O Prelado na festa de S. Josemaria: Deus “não deixa de amar-nos quando nos enganamos”

Homilia de Mons. Fernando Ocáriz por ocasião da festa de São Josemaria, na Basílica de Santo Eugénio (Roma).

Homilia na festa de São Josemaria

Na festa de hoje, e à luz das leituras da Missa, podemos considerar dois aspetos da vida de São Josemaria que nos mostram como era a sua relação com Deus: a filiação divina e a santificação do trabalho.

Filiação divina

«Não recebestes um espírito de escravidão para recair no temor –afirma São Paulo numa das leituras que acabamos de ouvir–, mas um Espírito de adoção filial, pelo qual exclamamos: “Abba, Pai!”» (Rm 8, 15). Pelo Batismo, somos filhos de Deus em Cristo, e isto supõe uma nova maneira de ver Deus, marcada pelo amor, pela confiança e simplicidade, que são as atitudes próprias de um filho para com o seu pai.

Saber que temos um Pai que nos ama infinitamente permite-nos levar uma vida alegre e plena, e leva-nos também a iluminar todos os âmbitos da nossa existência a partir desse amor, confiança e simplicidade, mesmo no meio das dificuldades ou quando experimentamos com mais força os nossos defeitos. Deus ama-nos pelo que somos – seus filhos –, e não pelo que fazemos, pelo que conseguimos.
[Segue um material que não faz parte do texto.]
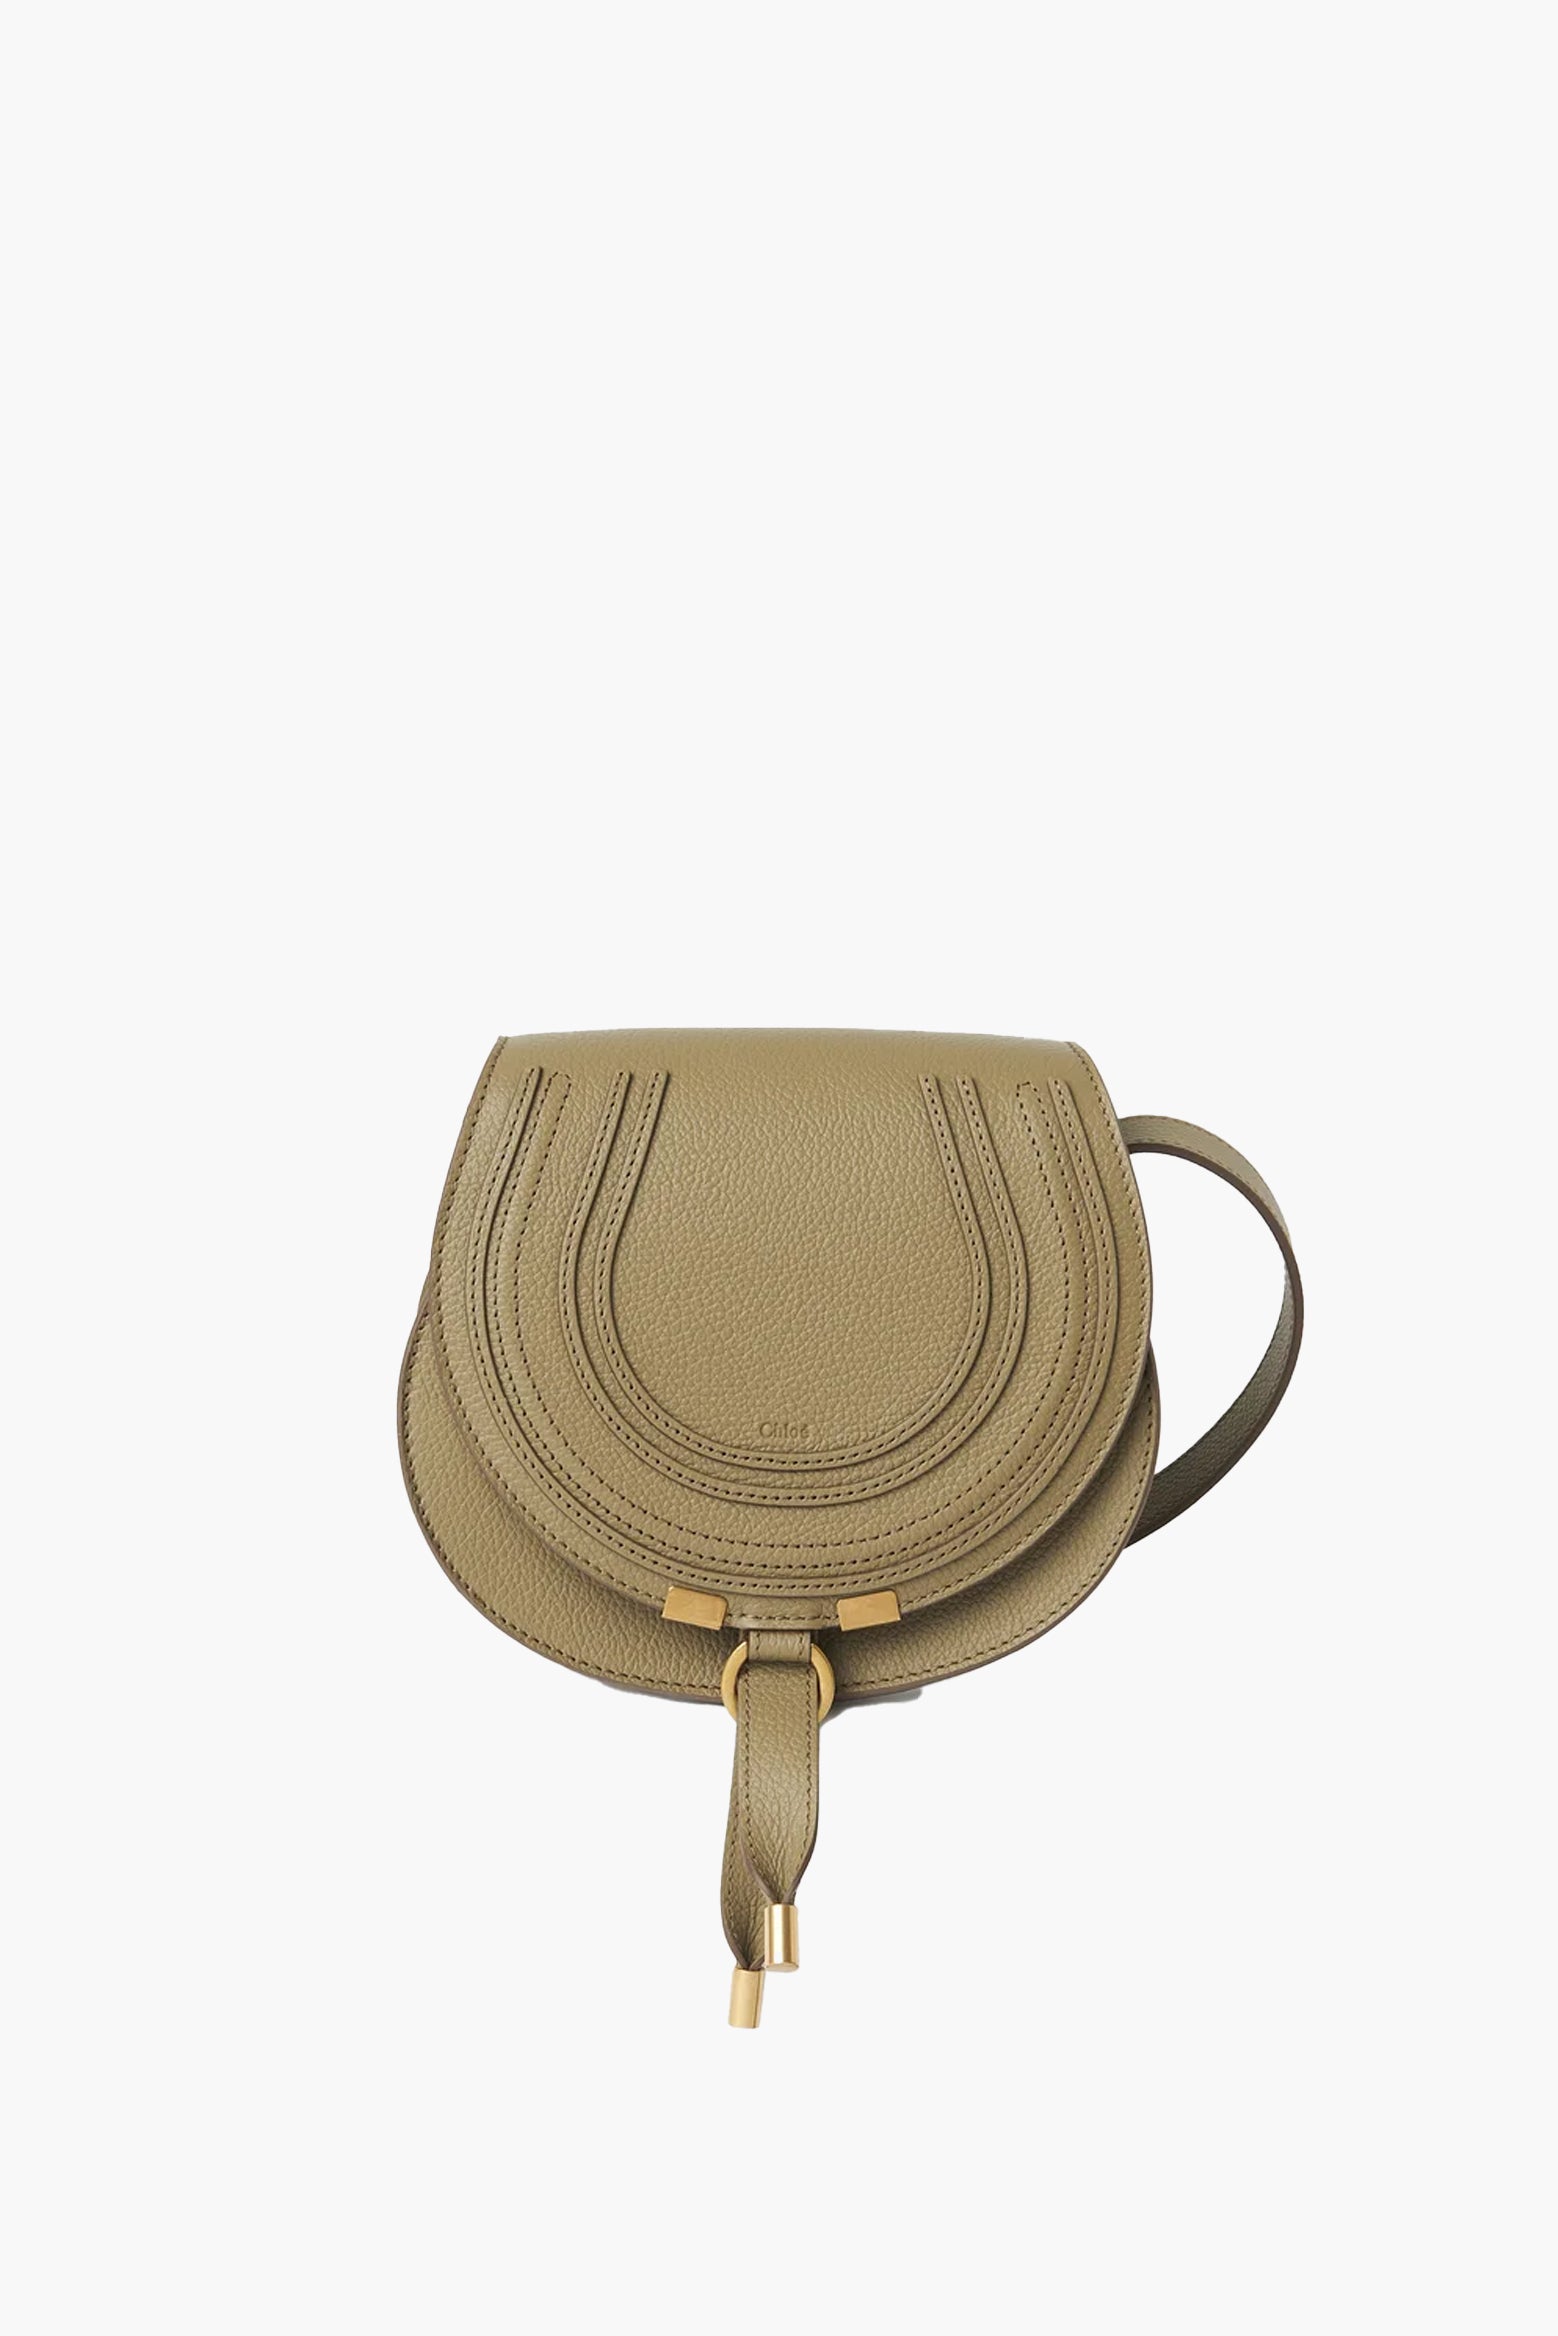 Chloé Marcie Small Saddle Bag in Pottery Green available at The New Trend Australia.
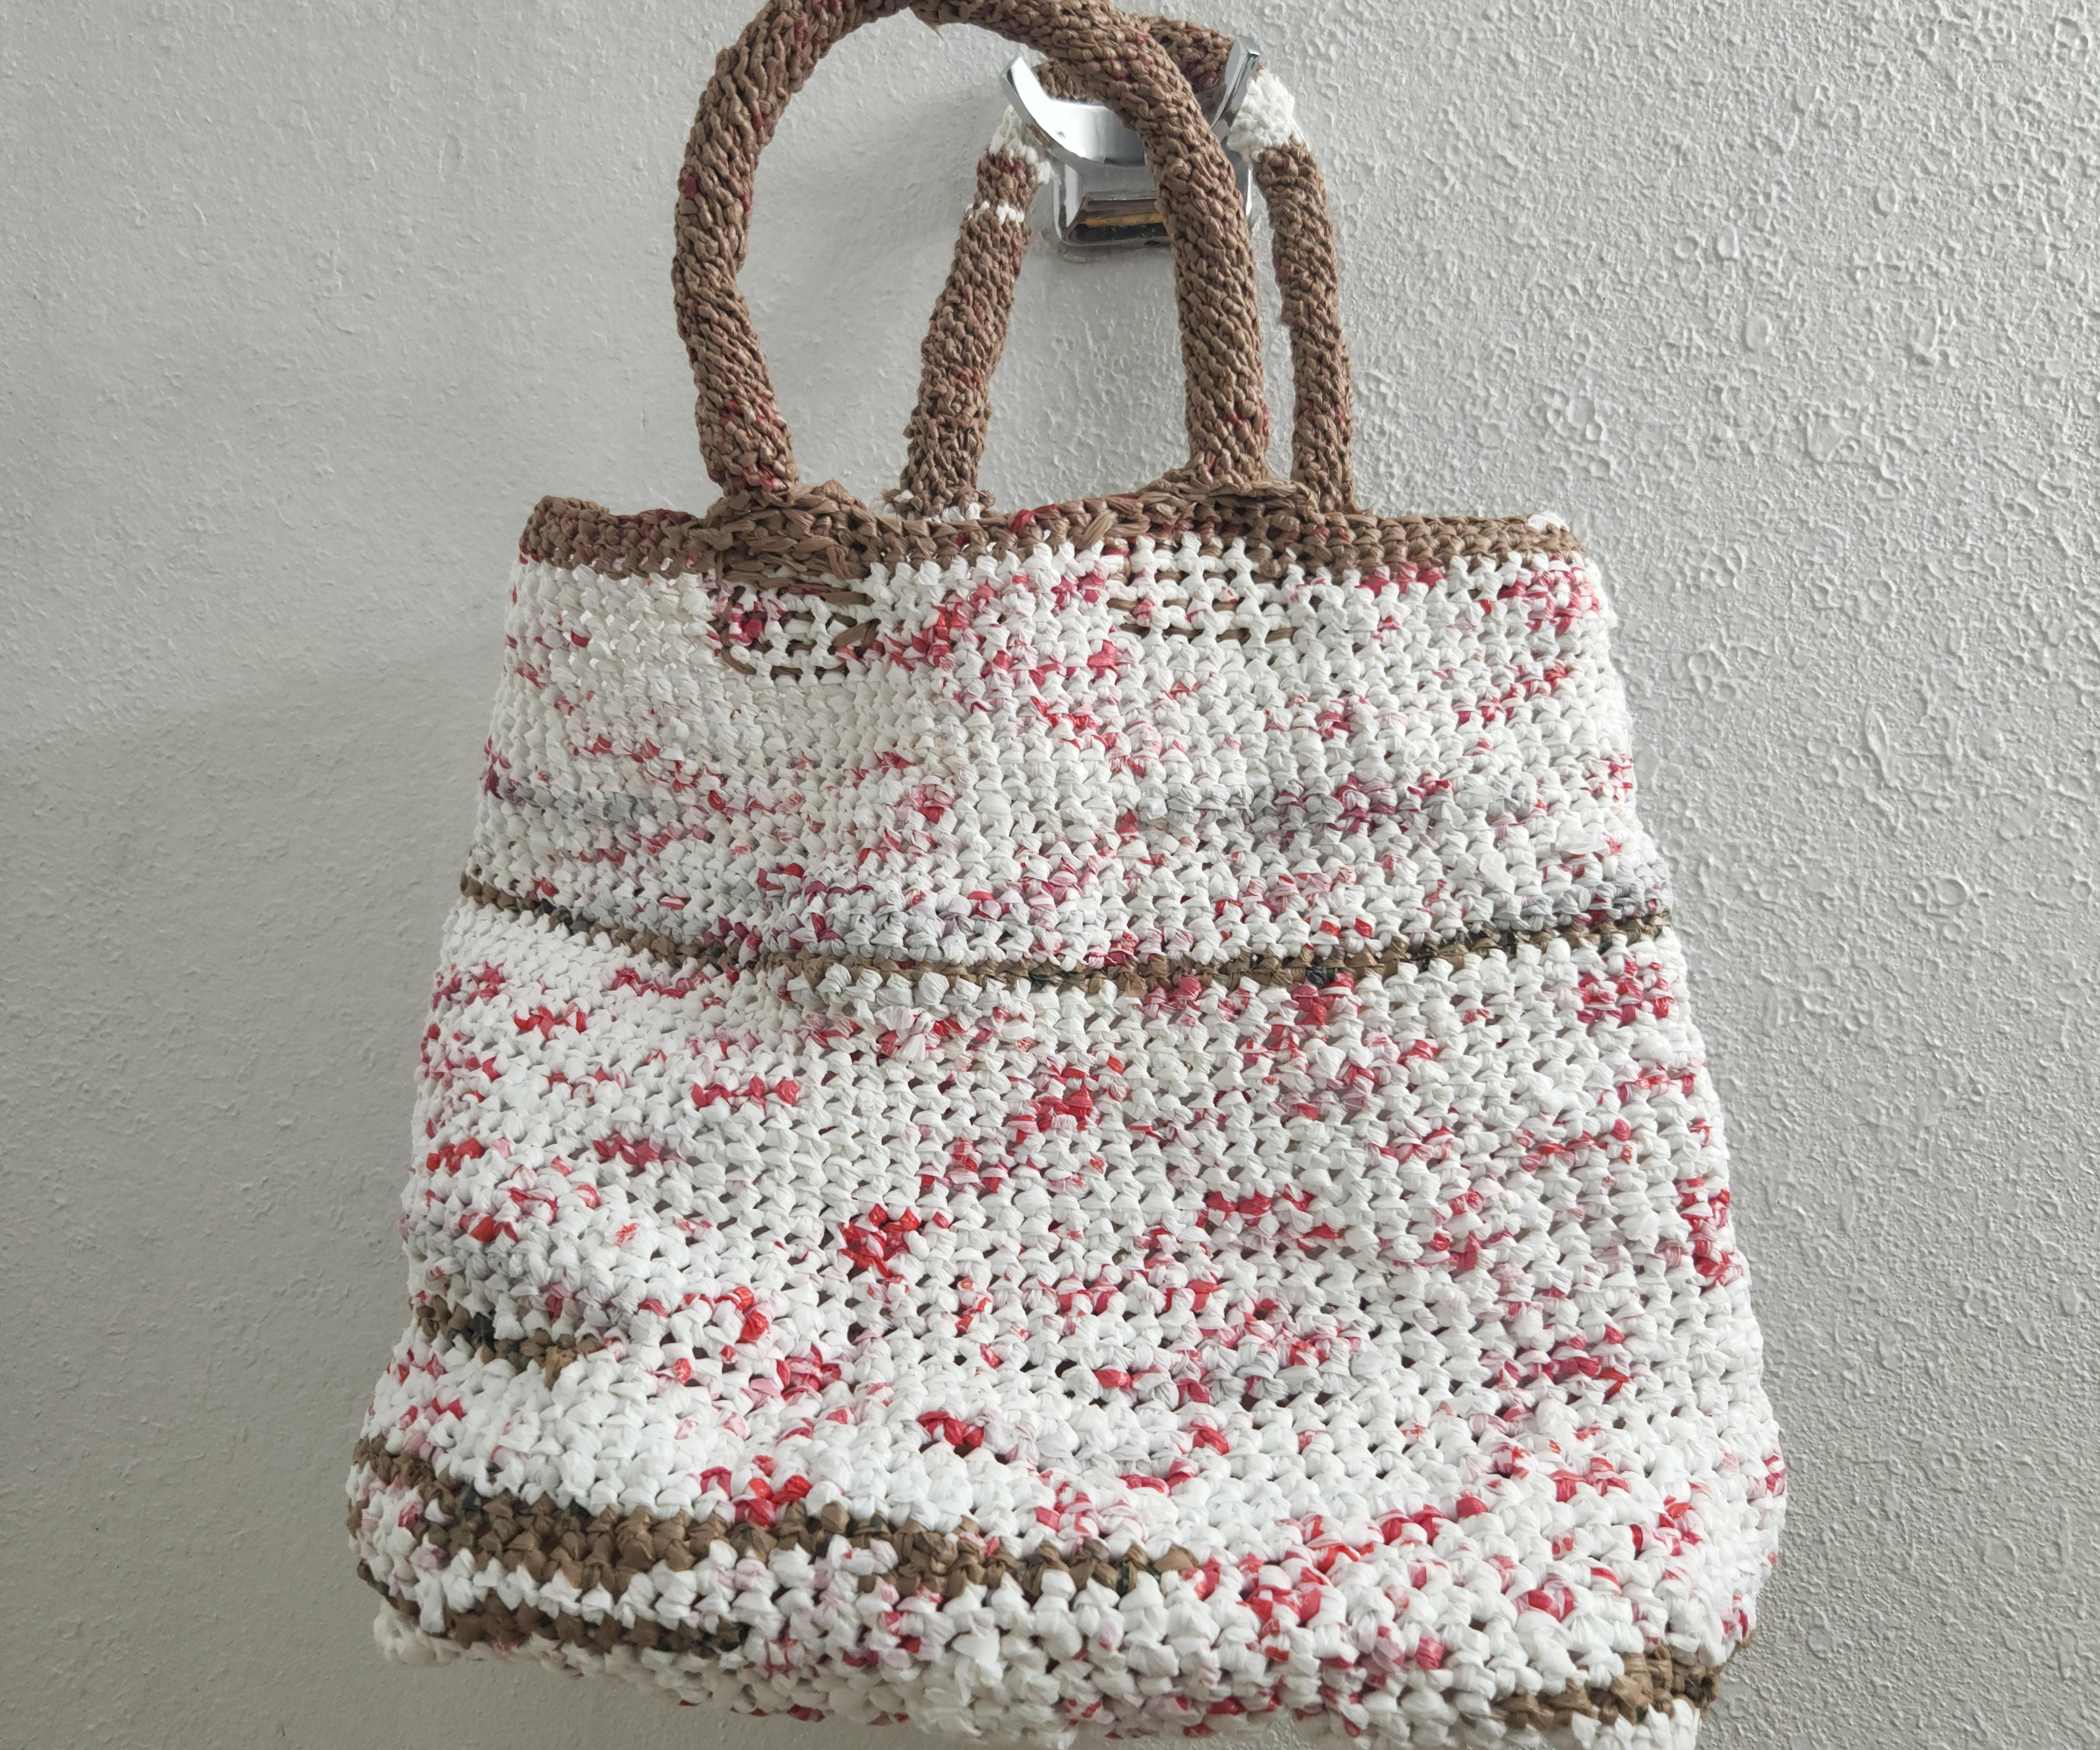 Plastic to Fantastic -- Crocheting a Reusable Shopping Bag From Single-Use Grocery Bags

E, ao mesmo tempo, não deixa de amar-nos quando nos enganamos. Como recorda o Papa: Deus abraça-nos «sempre, sempre, sempre, depois das nossas quedas, ajudando-nos a levantar e ficar de pé» (Discurso, 26/01/2019). A nossa vida é um contínuo regresso à casa do Pai, como o filho pródigo, sabendo que Ele nos espera de braços abertos.

Por isso, não há nada de mais oposto à nossa condição de filhos de Deus do que o medo. «Um filho de Deus – dizia São Josemaria – não tem medo da vida nem medo da morte, porque o fundamento da sua vida espiritual é o sentido da filiação divina: Deus é meu Pai, pensa, e é o Autor de todo o bem, é toda a Bondade» (Forja, n. 987).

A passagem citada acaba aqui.